ECB and BoC meetings, NFP and Canadian employment coupled with Q4 GDP, Swiss inflation, UK spring budget and ISM Services PMI will dominate the week ahead of us.

USD

Second reading of Q4 GDP was revised down to 3.2% from 3.3% as reported in advanced reading. Private inventories were the main culprit for the downward revision as they subtracted 0.27pp from the growth. Consumer spending was revised higher and it printed 3% vs 2.8% in advanced reading and it added 2pp to the reading. Government spending was also revised up and contributed 0.73pp while net exports were revised down and contributed 0.32pp to the reading. Gross private domestic investment added just 0.17pp as business investment declined, which is a cause for concern going forward.

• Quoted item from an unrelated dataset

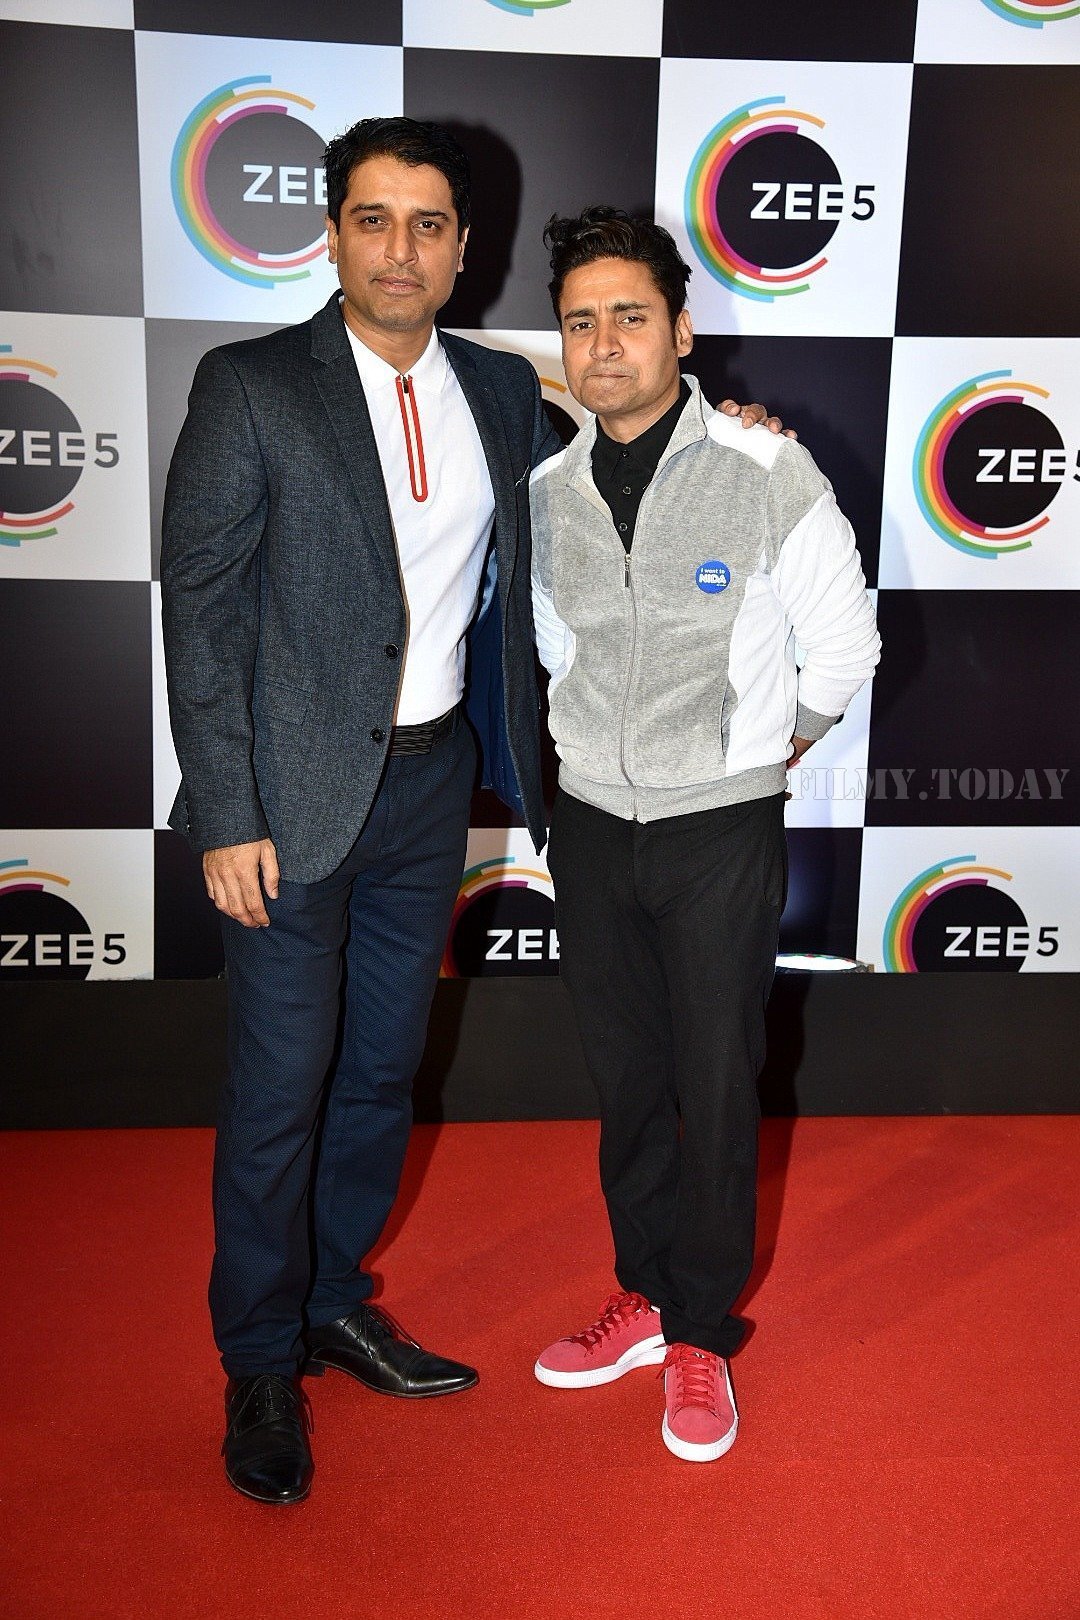 Photos: Red Carpet Of 1 Year Anniversary Of Zee5 App | Picture 1627519

Headline PCE for the month of January came in at 2.4% y/y as expected and down from 2.6% y/y in December. Core PCE printed 2.8% y/y as expected and down from 2.9% y/y the previous month. Personal spending rose 0.2% m/m while personal income jumped 1% m/m. Big increase in personal income can prove to be troublesome for inflation.

ISM manufacturing for the month of February printed 47.8 vs 49.5 as expected, down from 49.1 in January. New orders and production components fell into contraction. Positives are small decline in prices paid component as well as return of employment and new export orders into expansion. USD has noticeably weakened on the news and weaker than expected UMich consumer confidence reading added to the USD worries.

The yield on a 10y Treasury started the week at 4.22%, rose to 4.32% and finished the week at around 4.19%. The yield on 2y Treasury started the week at 4.66% and reached the high of 4.73%. Spread between 2y and 10y Treasuries started the week at -45bp then tightened to -35bp as curve proceeded to steepen. The 2y10y is inverted for over eighteen months. FedWatchTool sees the probability of no change at March meeting at 97% while probability of a 25bp rate cut is at 3%. Probability of a May rate cut is around 25%.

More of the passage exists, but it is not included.